Отошла кованая дверь, и появились закопченные, перевязанные защитники во флотских и пехотных мундирах. Впереди — молодой офицер без фуражки, с грязной повязкой на голове.
— Вы сдаетесь? — шагнул к ним адъютант.
— А вы сами не видите? — Флотский офицер сердито сунул ему в руки свою саблю.
— Могли бы сделать это и раньше, — хмуро, словно пряча виноватость, укорил его адъютант. — Столь бессмысленное сопротивление уже не геройство, а нарушение воинского этикета.

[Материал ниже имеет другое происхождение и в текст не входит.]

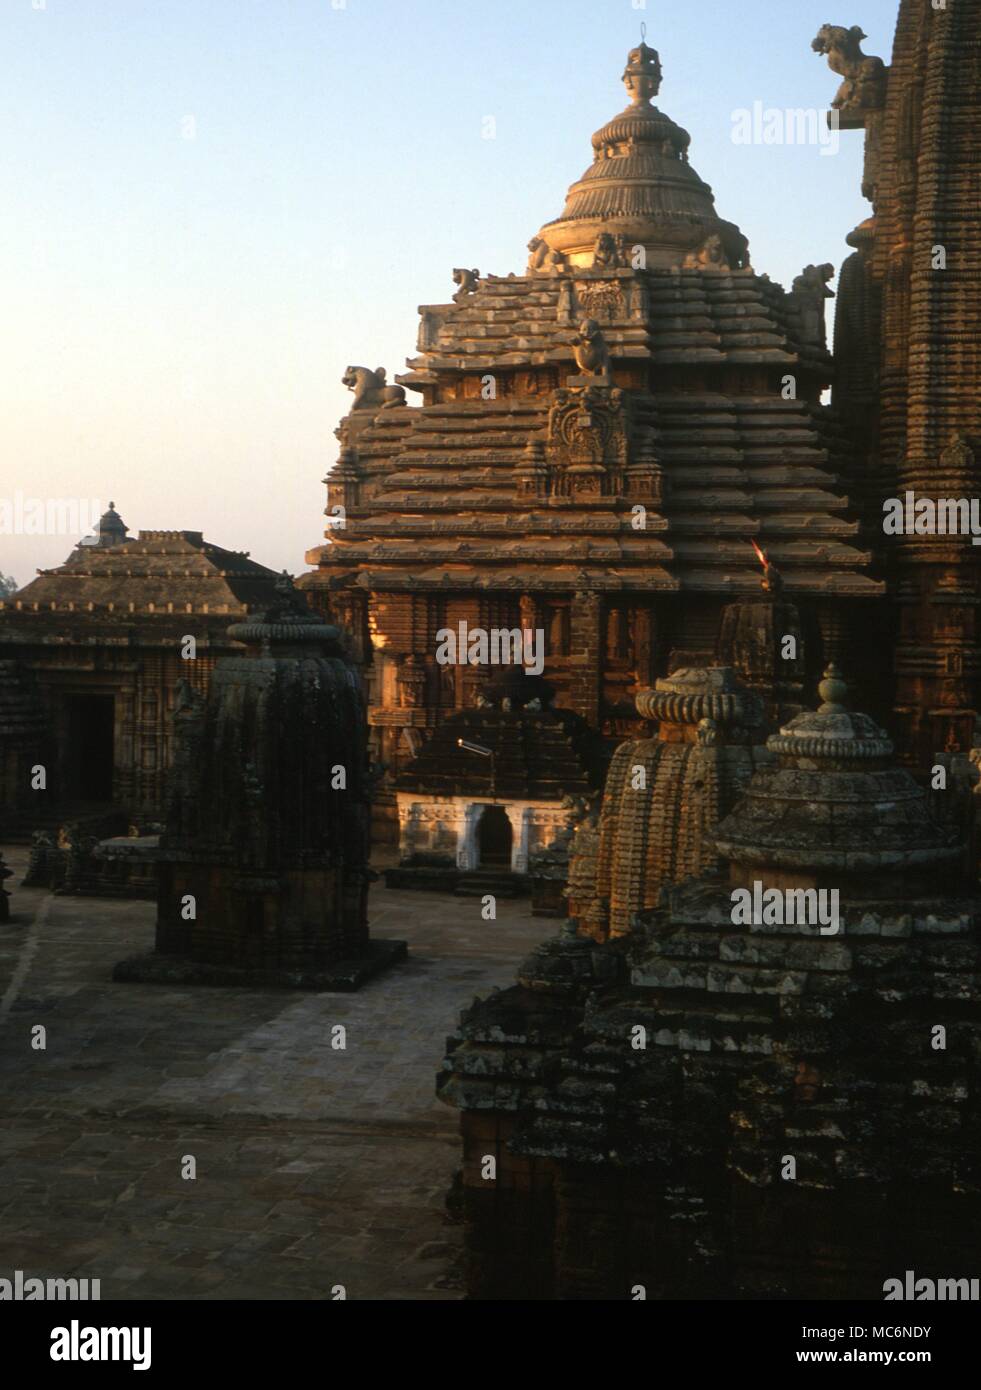 Sacra India Bhubaneswar il grande tempio complesso del Lingaraj dedicato al Signore Trilbhuvaneswar dei tre mondi e risalente al 1104 D.C. Foto Stock

— А выкуривать противников, словно клопов, не нарушение воинского этикета? — огрызнулся моряк. И добавил тише: — Мы бы и не сдались, но с нами мальчик…
Мальчик был чуть повыше барабанщика. В бескозырке и рваном флотском мундире. Из-под околыша торчали белобрысые космы. Он смотрел устало, но без испуга. Вслед за остальными положил на землю штыком вперед длинное ружье, выпрямился, скрестил на груди руки. Встретился с барабанщиком глазами и… чуть улыбнулся.
Счастливый своей победой командир дивизии — такой же израненный и закопченный, как защитники башни, — подошел к пленным. Сказал, что восхищен их беспримерной храбростью и сегодня же снесется с командованием противника через парламентера: попросит каждого храбреца представить к награде. Затем приказал адъютанту отправить пленников в тыл и разместить с возможными удобствами.
…Бой по всей линии стихал. Война стихала… Противник добровольно оставил отбитые у войск ее величества бастионы. Удерживать их, когда потеряна основная высота, не было смысла.